Members of the Personick research group (left to right: David Solti ’18, Melissa King (grad), Prof. Personick, and Danny Robertson ’18) attended the American Chemical Society Spring National Meeting in New Orleans, LA from March 18-22, 2018. Danny gave a talk on Sunday on “(Ag)Au concave cubes as experimental models of computationally predicted active sites for the oxygen-assisted coupling of alcohols.” Melissa presented on Wednesday about her work on “Coupling competitive surface interactions: a synthetic route to enhanced grain boundaries at the exterior of multiply twinned palladium nanoparticles.” On Thursday, Prof. Personick presented the group’s recently published research regarding “Approaches for bridging dissimilar reduction kinetics in the synthesis of bimetallic nanomaterials.” All of the talks were well received by their respective audiences.

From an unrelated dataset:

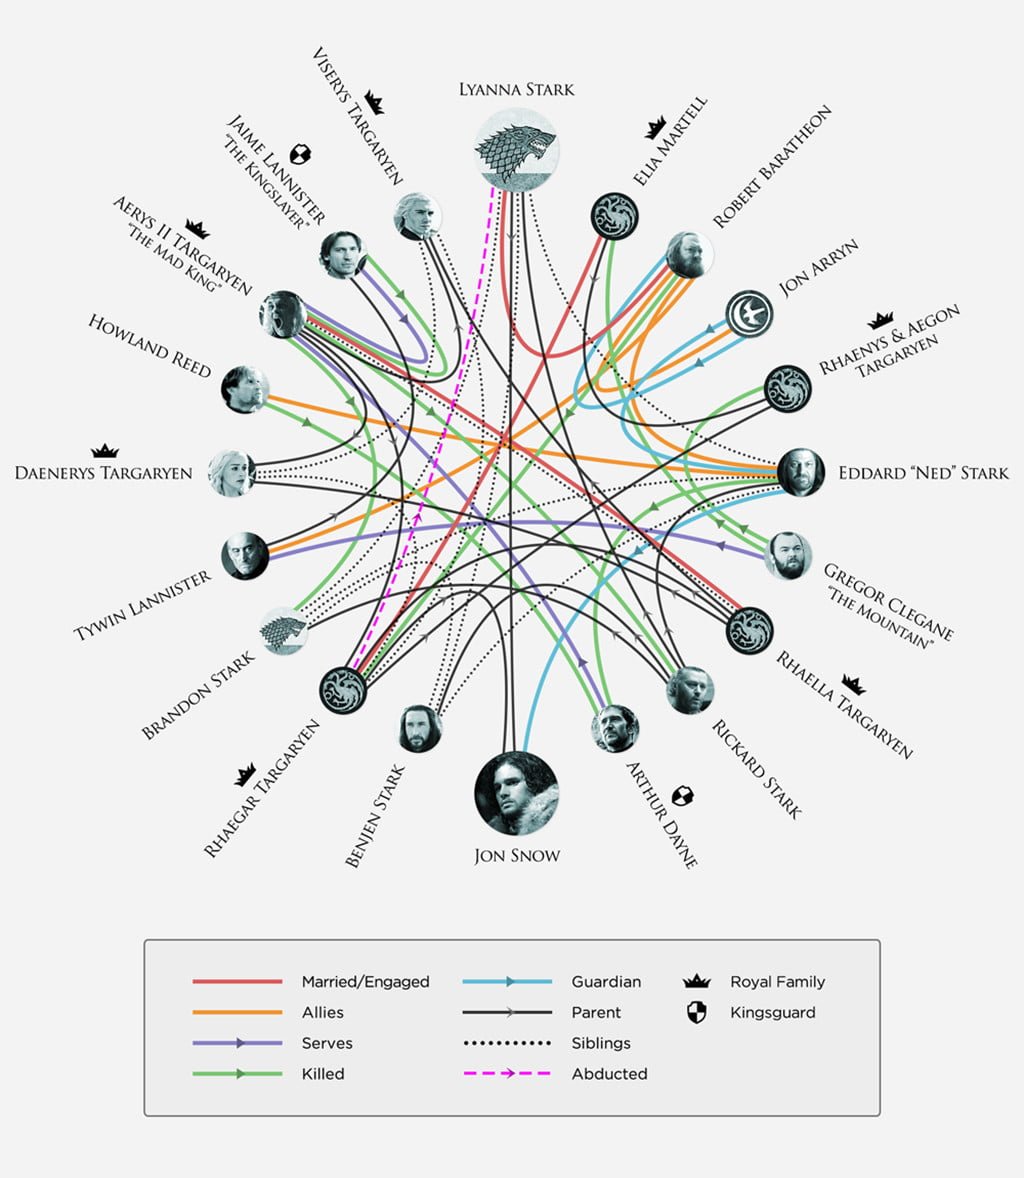 Game-of-Thrones-Infographic

In addition to presenting their research, the Wesleyan contingent also recruited prospective graduate students for the Wesleyan PhD program at the graduate school recruiting fair, and Melissa was invited to participate in a panel on “Graduate School: The In’s and Out’s of Getting In” which was very highly attended. Prof. Personick caught up with Wesleyan alum Prof. John Keith (Univ. of Pittsburgh) over breakfast, and everyone spent time sampling the local cuisine.
Meet Joy Cote, a recent PhD student who graduated from the chemistry department in January. Joy came to Wesleyan after receiving her BS in chemistry from the College of Mount Saint Vincent in 2012. During her time as an undergraduate, Joy participated in two separate research projects. Both a synthetic project aiming to create porphyrins and a development project aiming to understand sperm development in Drosophila. Although both projects nurturedher scientific aspirations, she was not completely satisfied with either of them. Upon coming to Wesleyan, Joy joined Prof. Erika Taylor’s lab and spent the next 5 years investigating the dynamics of Heptosyltransferase I, an enzyme found in Gram-negative bacteria, using a variety of biophysical techniques. It was during this time that she realized that research focused on understanding proteins in a quantitative manner was something she was passionate about and would drive her future studies. Since graduating, Joy has started a post-doctoral associate position at Fox Chase Cancer Center. Here she is working with Dr. Andy Andrews on how acetylation of metabolic enzymes that play a role in regulation.